GPU-accelerated video stabilization with COLMAP trajectory export

These details have not been verified by PyPI

Project links

Project description

cuda-motion-flow

GPU-accelerated video stabilization with COLMAP trajectory export.

Every stage runs on the GPU — Shi-Tomasi corner detection, pyramidal Lucas-Kanade tracking, vectorised RANSAC, trajectory smoothing, and bilinear affine warping.
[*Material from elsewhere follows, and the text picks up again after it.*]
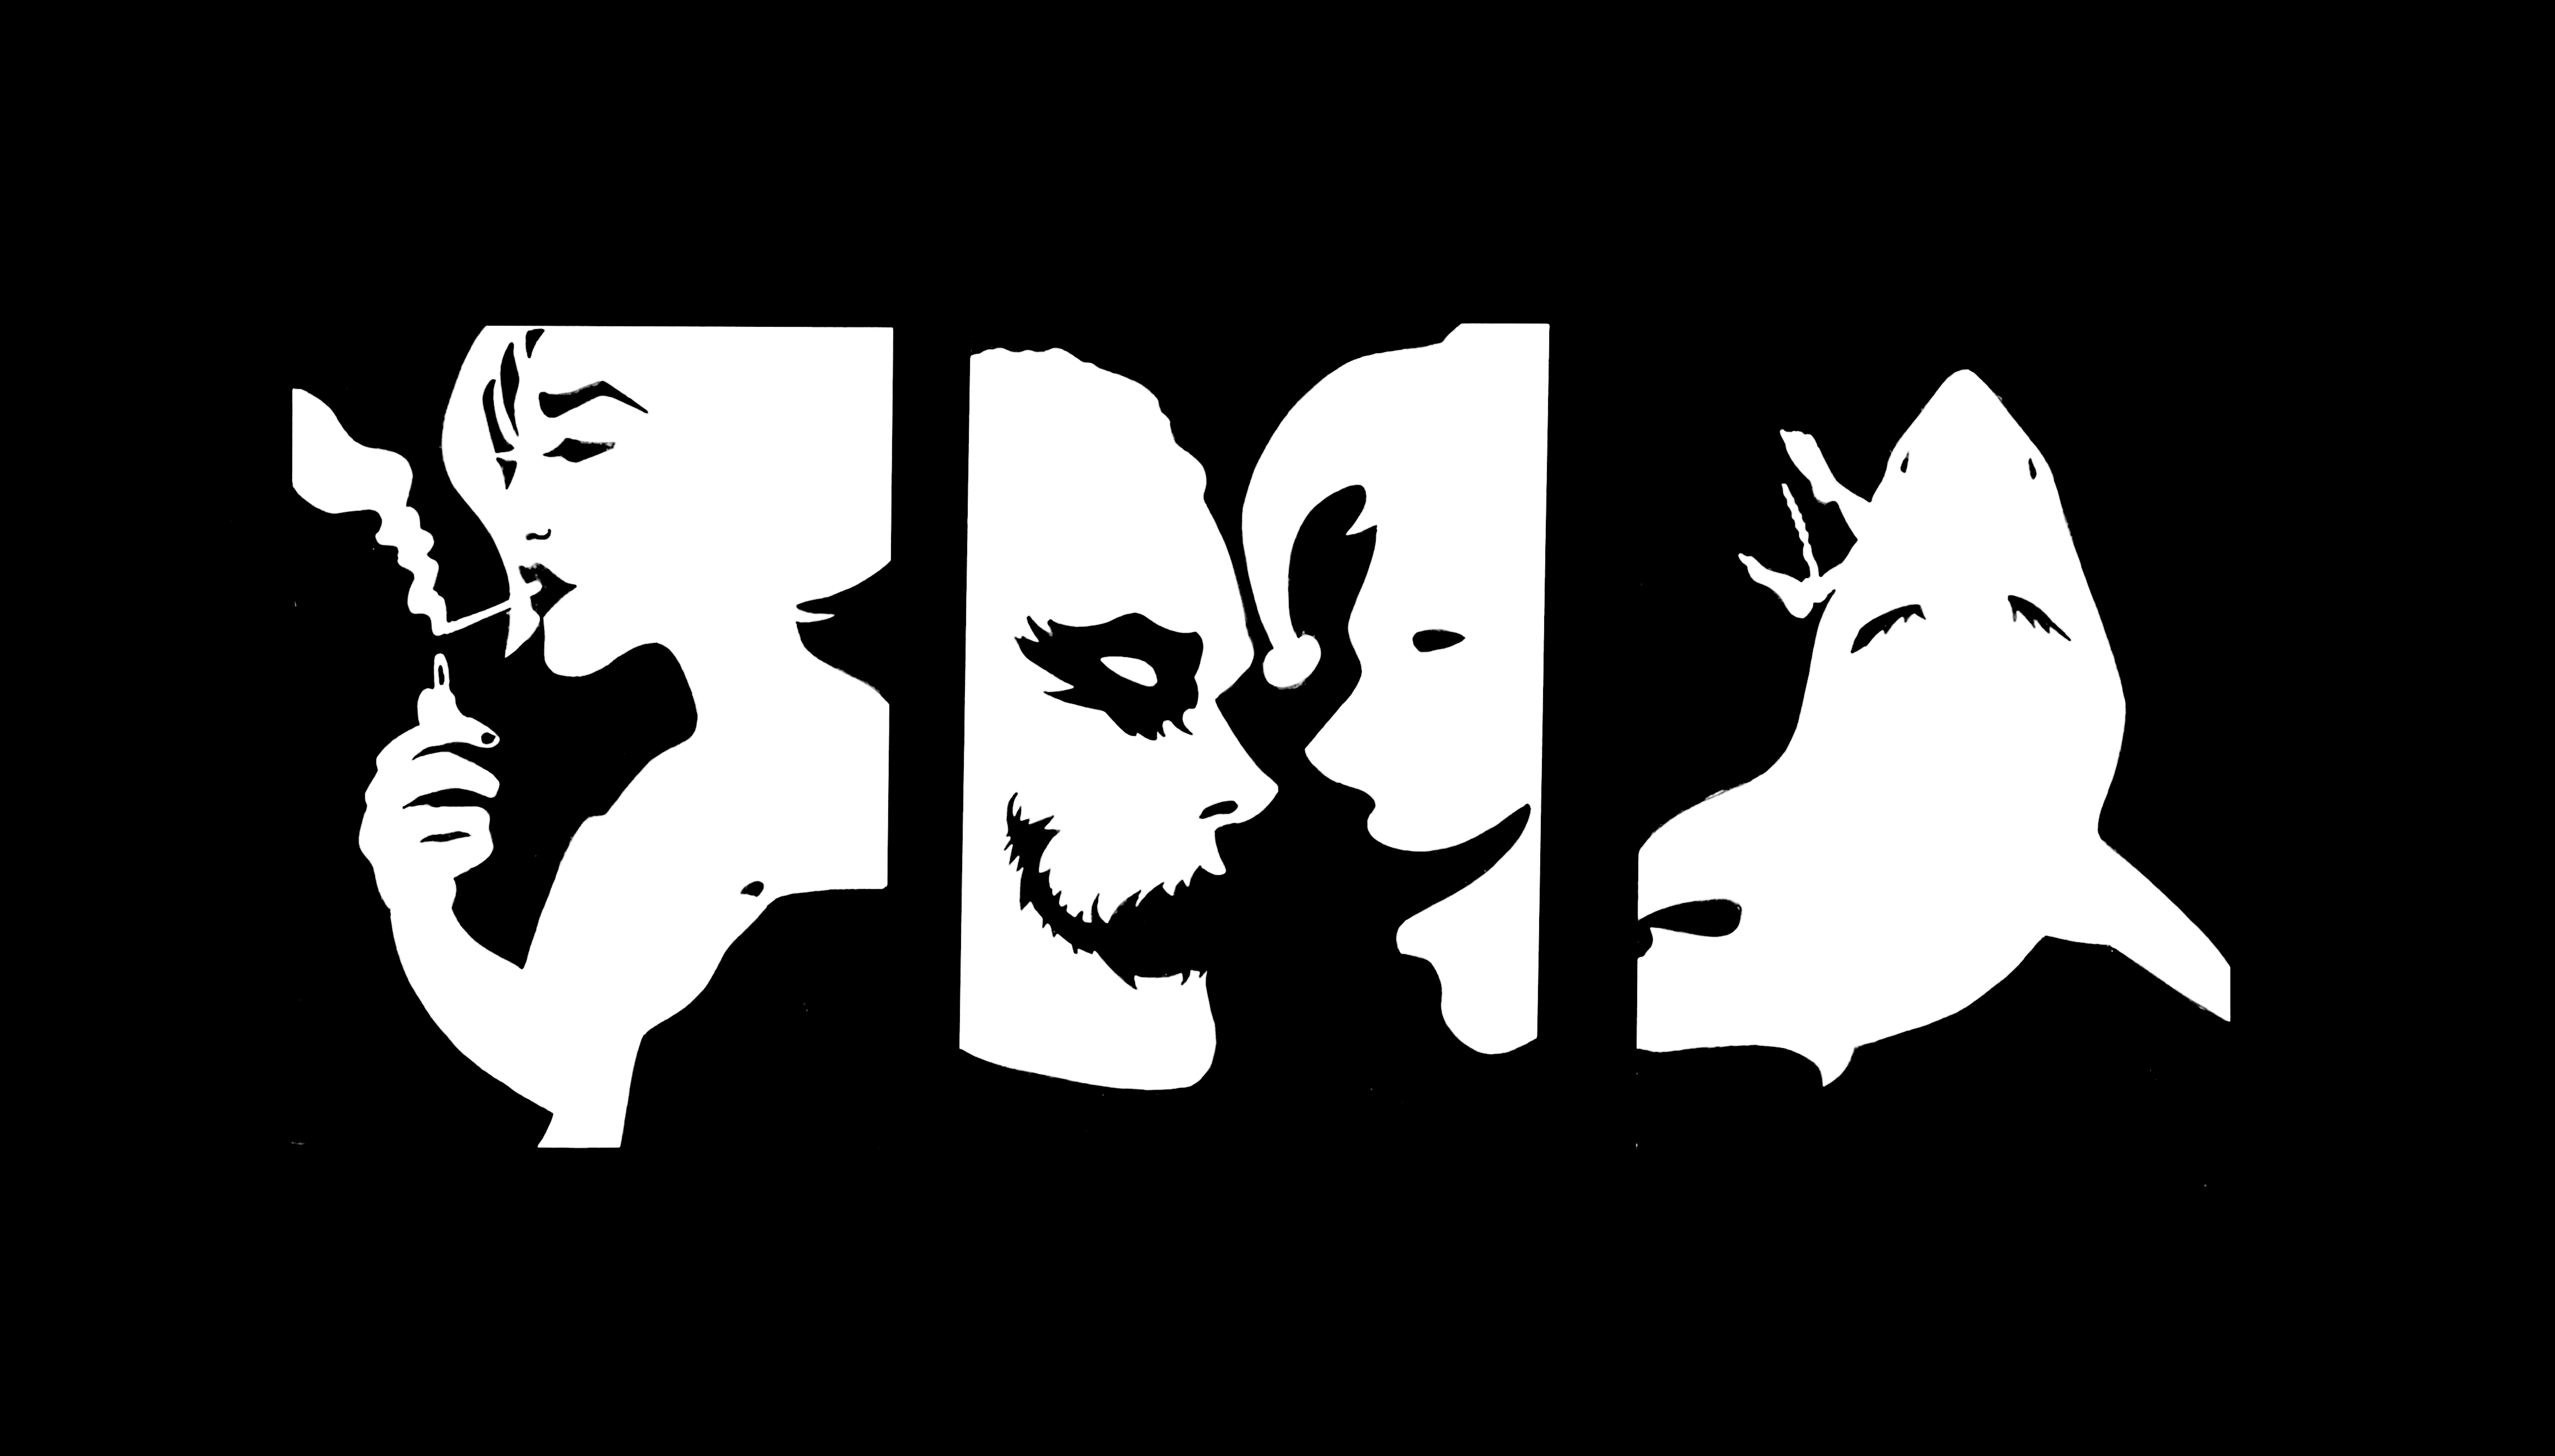 Final renderings of the words 'Smoke', 'Joker', and 'Jaws'

The recovered camera motion exports directly to COLMAP for use in Gaussian Splatting, NeRF, and Structure-from-Motion pipelines.

Gaussian convolution	Kalman-RTS smoother	L1 / Total-Variation

Fast, symmetric	Best quality — optimal	Preserves intentional pans

Each clip: original shaky footage (left) vs stabilized output (right) — view on GitHub if GIFs don't load

What it does

Full GPU pipeline — raw CUDA C++ kernels for the hot path; no CPU fallback in production
Three trajectory smoothers — Gaussian, Kalman-RTS (globally optimal), L1/TV (preserves pans)
COLMAP export — per-frame R, t, quaternion for direct input to Gaussian Splatting / SfM
Quality analysis — companion script with 5 metric categories (stability, smoothness, frequency, SSIM, PSNR)
Rich CLI — progress bars, per-stage timing, VRAM display

Pipeline

Input frames
    │
    ▼  Stage 1 — Corner detection
    │  Scharr gradient + Shi-Tomasi response
    │  Shared-memory tiled raw CUDA kernel; 22×22 compile-time tile; __ldg() L1 reads
    │
    ▼  Stage 2 — Feature tracking
    │  Pyramidal Lucas-Kanade — all N points processed in parallel
    │  Pyramid built with raw CUDA anti-aliased 2× Gaussian downsampling kernel
    │
    ▼  Stage 3 — Transform estimation
    │  GPU RANSAC — all 500 hypotheses scored simultaneously (n_iter × n_pts grid)
    │  Affine refinement over inliers: cupy.linalg.lstsq
    │
    ▼  Stage 4 — Trajectory smoothing
    │  gaussian   Gaussian convolution — fast, symmetric
    │  kalman     Rauch-Tung-Striebel optimal smoother — globally minimum-variance
    │  l1         Total-Variation / Chambolle-Pock ADMM — preserves intentional pans
    │
    ▼  Stage 5 — Frame warping
    │  Bilinear affine warp: 32×8 thread block, #pragma unroll channels, __ldg()
    │  Two non-blocking CUDA streams — overlaps H→D transfers with GPU compute
    │
    ▼  Stage 6 — Camera pose export  (optional)
       Homography → R, t via Malis-Vargas decomposition
       Quaternion via Shepperd's method
       COLMAP cameras.txt / images.txt  or  JSON

Installation

1. Check your CUDA version

nvcc --version

2. Install the matching CuPy build

pip install cupy-cuda13x   # CUDA 13.x
pip install cupy-cuda12x   # CUDA 12.x

3. Install the package

pip install cuda-motion-flow

Recommended — virtual environment

python -m venv .venv
.venv\Scripts\activate        # Windows
source .venv/bin/activate     # Linux / macOS
pip install cupy-cuda13x cuda-motion-flow

Quick start

CLI

# Default — Gaussian smoother
cuda-motion-flow shaky.mp4 stable.mp4

# Kalman-RTS — best quality on mixed motion
cuda-motion-flow input.mp4 output.mp4 --smoother kalman --smoothing 0.6

# L1 / Total-Variation — preserves intentional pans
cuda-motion-flow vlog.mp4 vlog_stable.mp4 --smoother l1 --smoothing 0.4

# Export COLMAP trajectory for Gaussian Splatting / SfM
cuda-motion-flow input.mp4 output.mp4 --export-trajectory ./colmap/

# GPU device info
cuda-motion-flow --device-info

Python API

from cuda_motion_flow import stabilize_video

# Basic
stabilize_video("shaky.mp4", "stable.mp4", smoothing_factor=0.4)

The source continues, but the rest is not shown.